Problem details: Please give back each line below unchanged; none of the pictures should appear.

Stored dataset items:
+++++
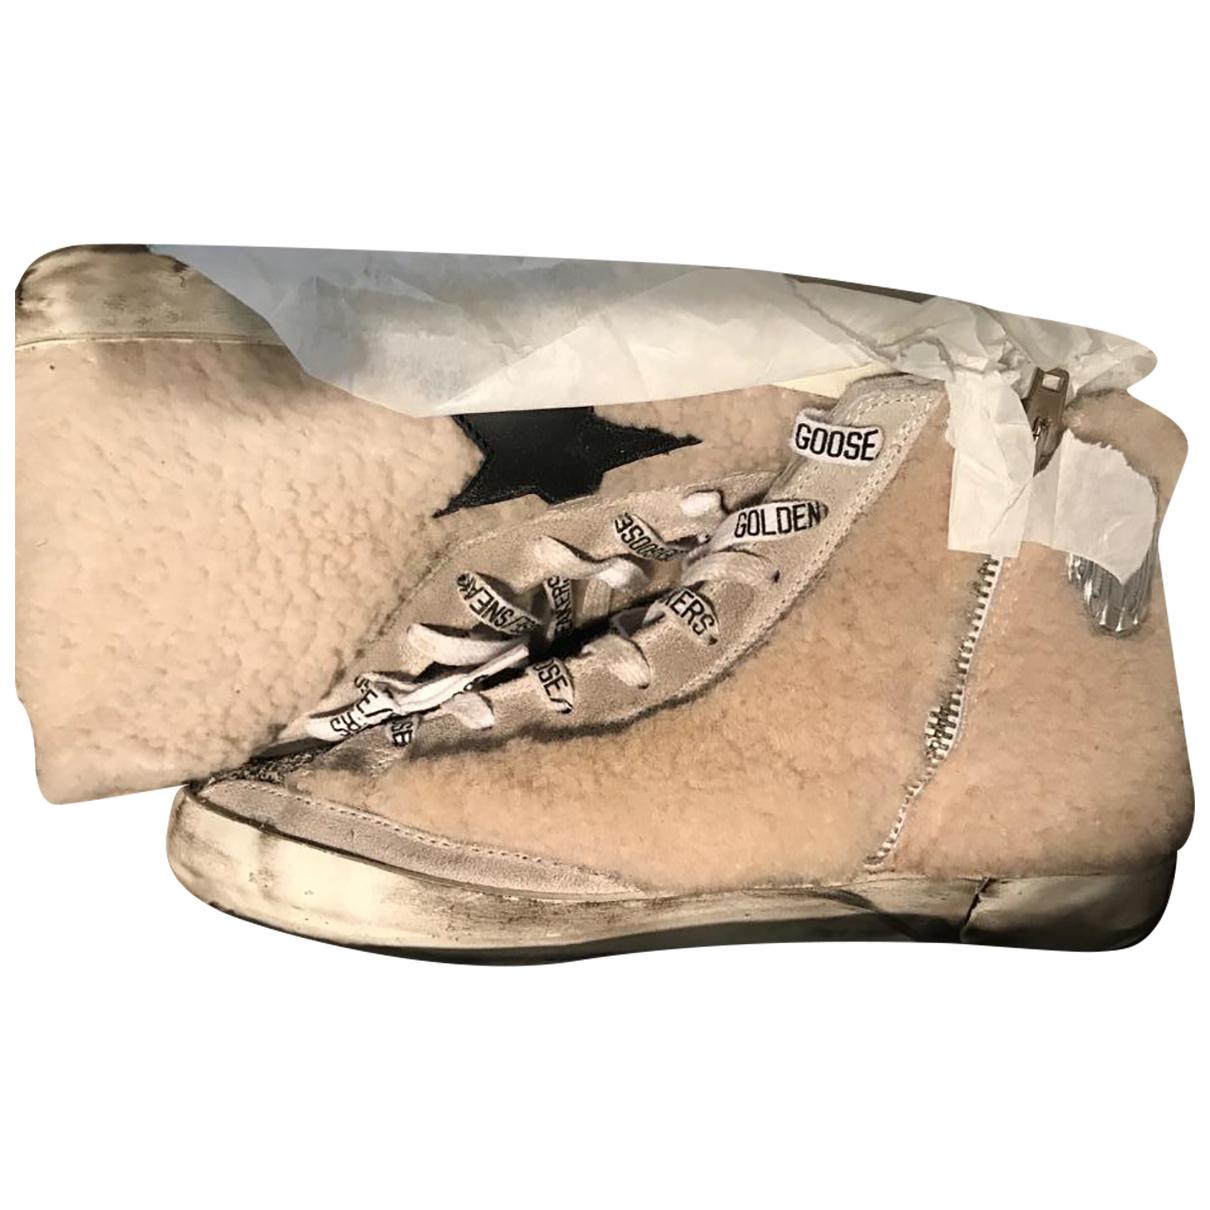 Golden Goose - Baskets Francy pour femme en fourrure - beige
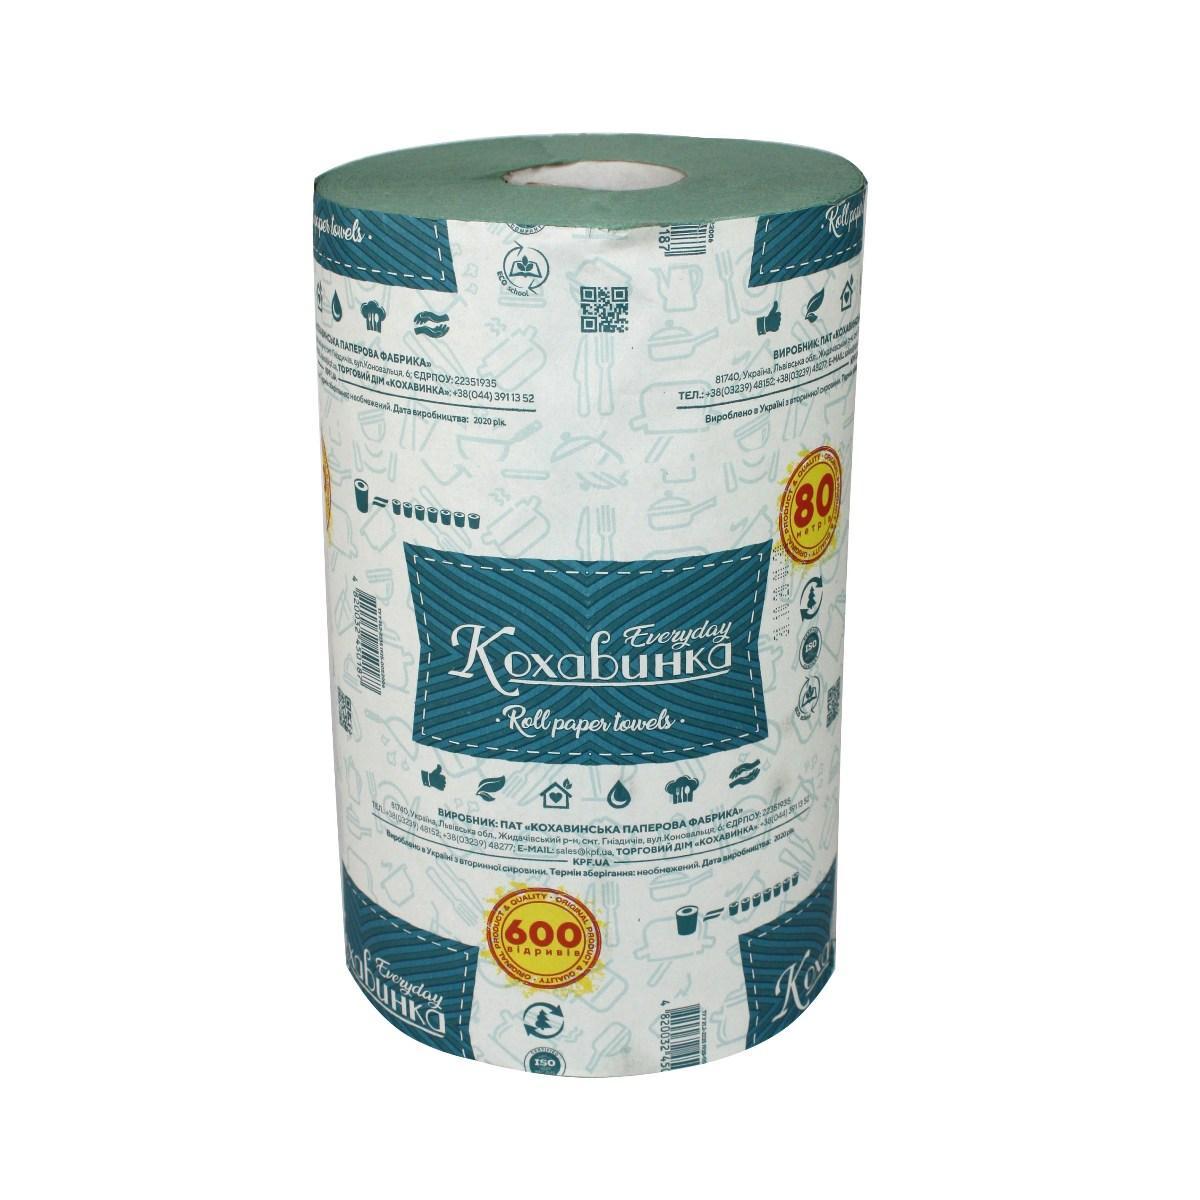 Бумажные полотенца на втулке отрывные 134х215мм, 600 отрывов
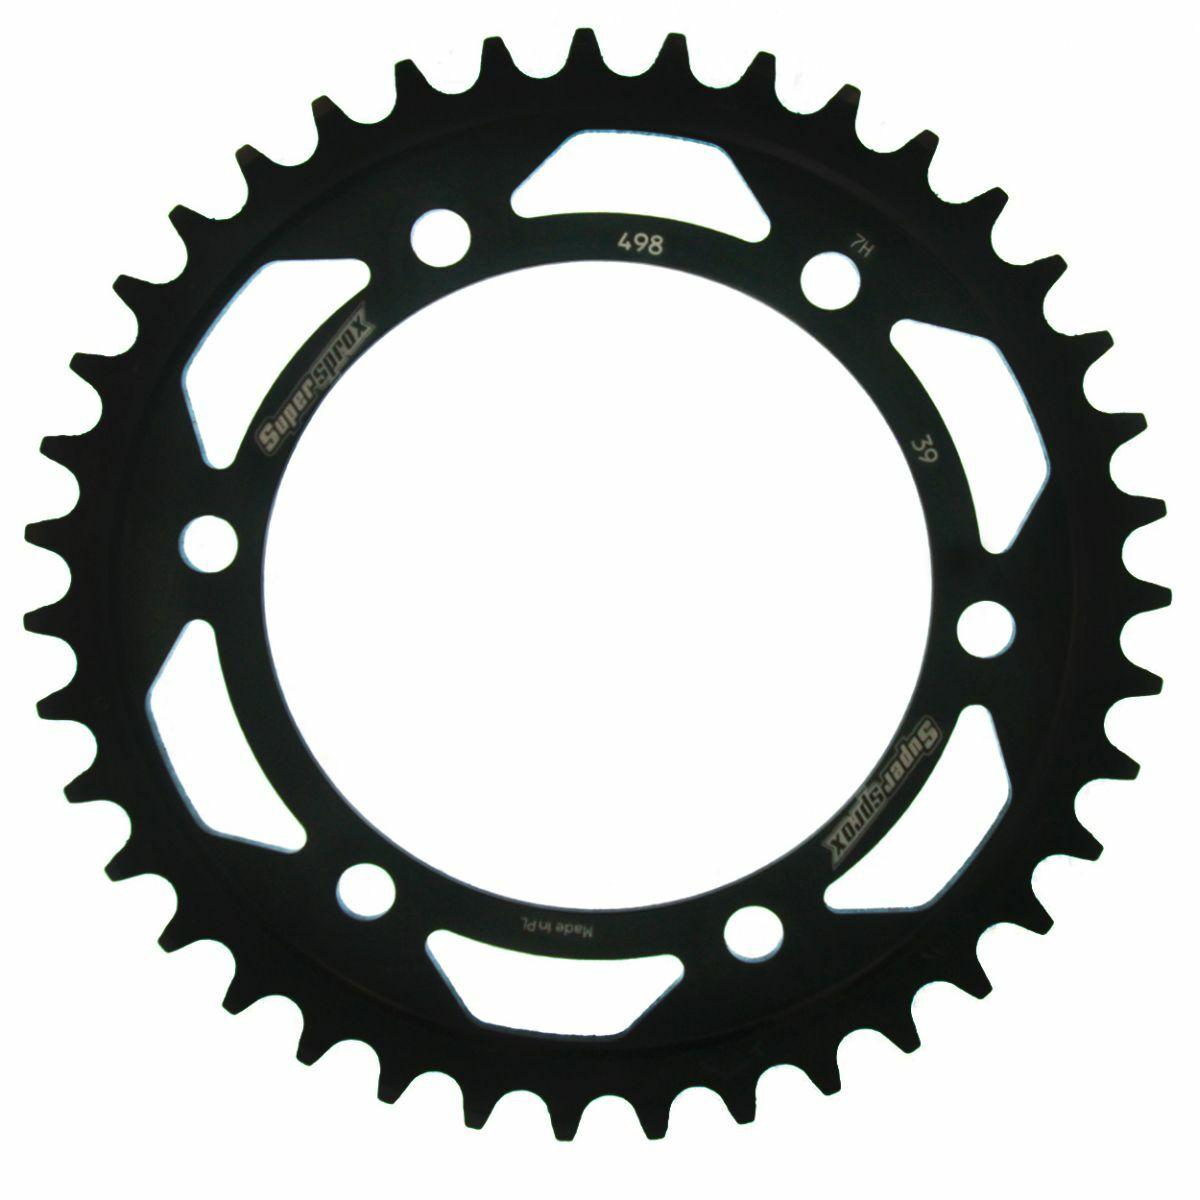 Obrázek produktu Řetězová rozeta SUPERSPROX černý 39 zubů, 525
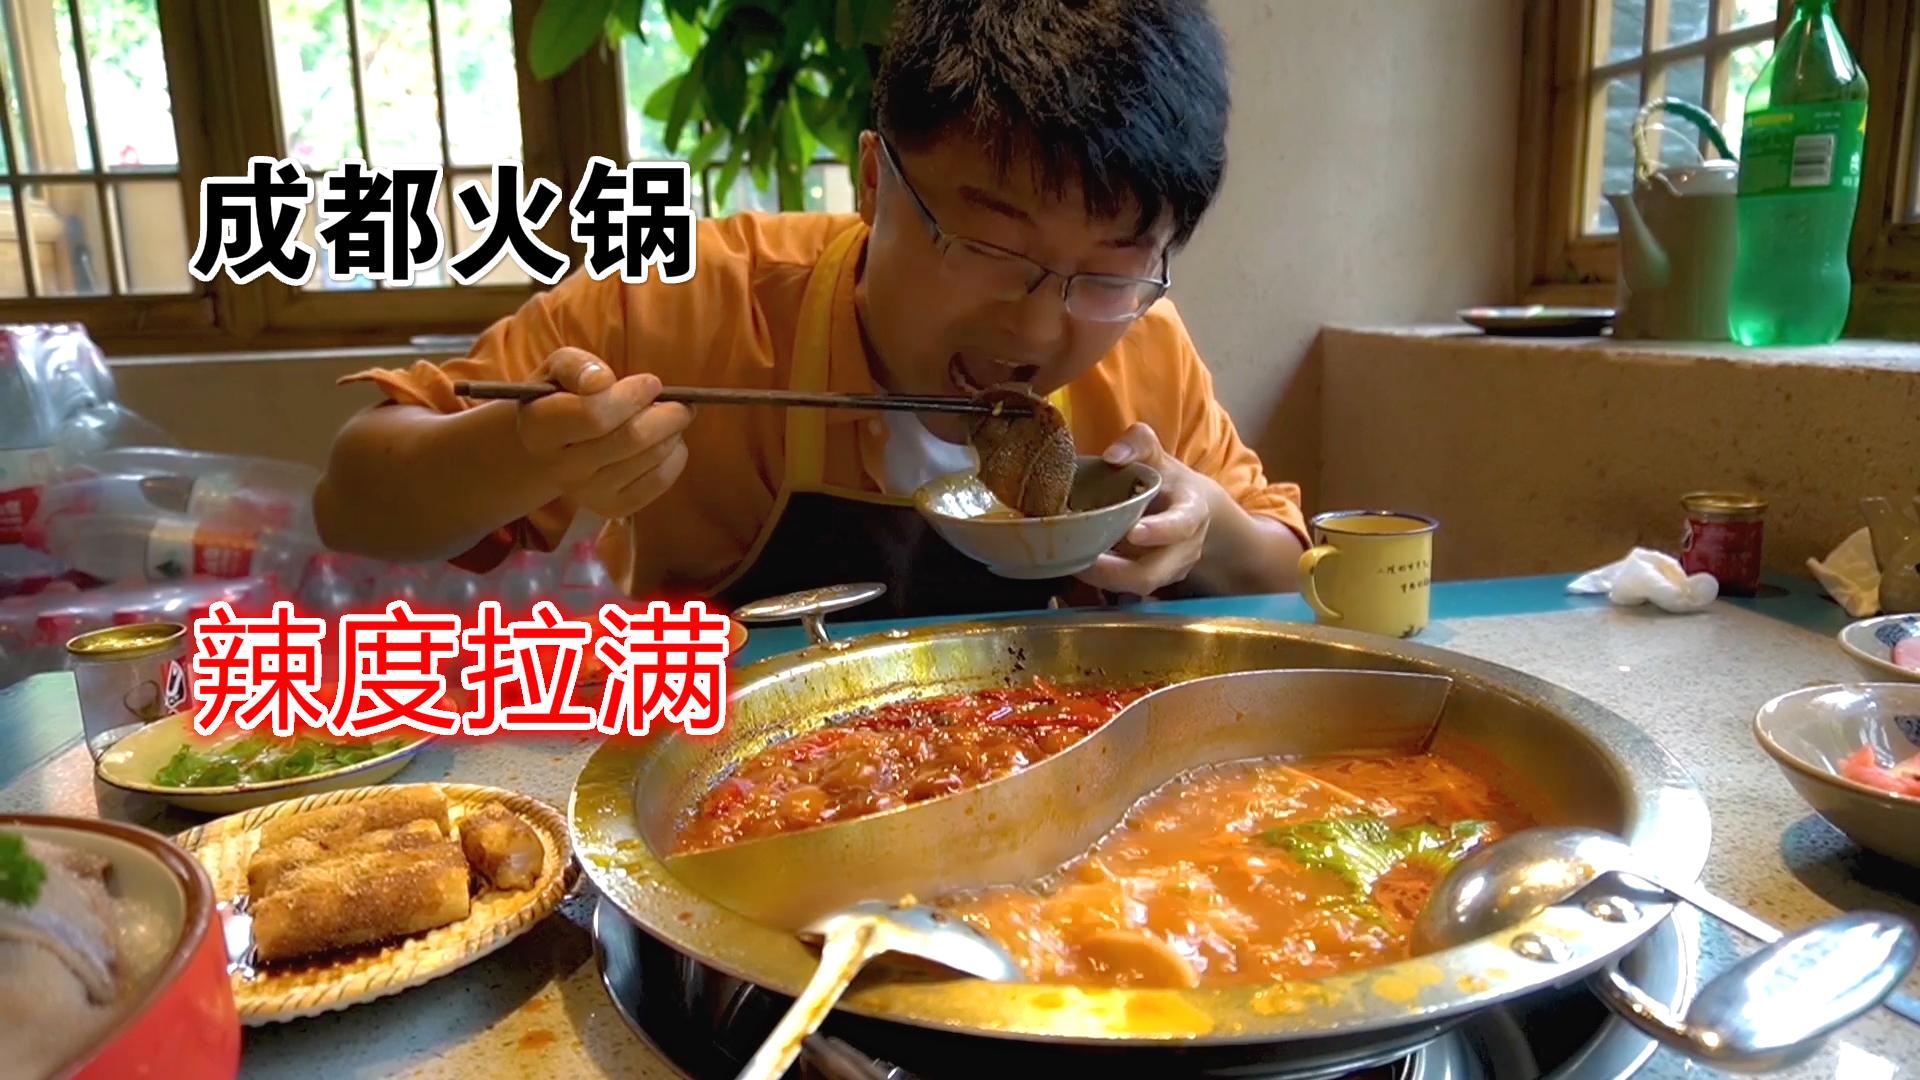 成都第一顿,火锅店吃过瘾,辣度拉满,大sao两口下肚,太过瘾了
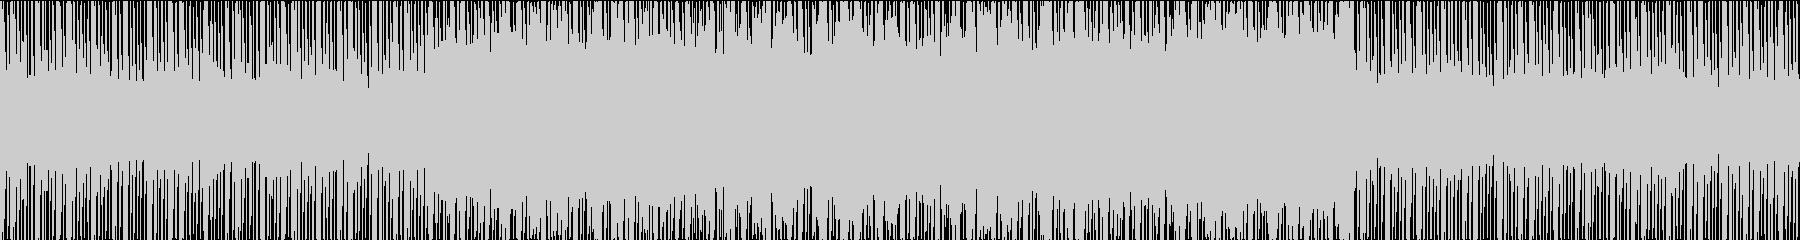 不気味さ、不穏さのあるBGMの未再生の波形
+++++
Answer to this problem:
 Golden Goose - Baskets Francy pour femme en fourrure - beige
 Бумажные полотенца на втулке отрывные 134х215мм, 600 отрывов
 Obrázek produktu Řetězová rozeta SUPERSPROX černý 39 zubů, 525
 成都第一顿,火锅店吃过瘾,辣度拉满,大sao两口下肚,太过瘾了
 不気味さ、不穏さのあるBGMの未再生の波形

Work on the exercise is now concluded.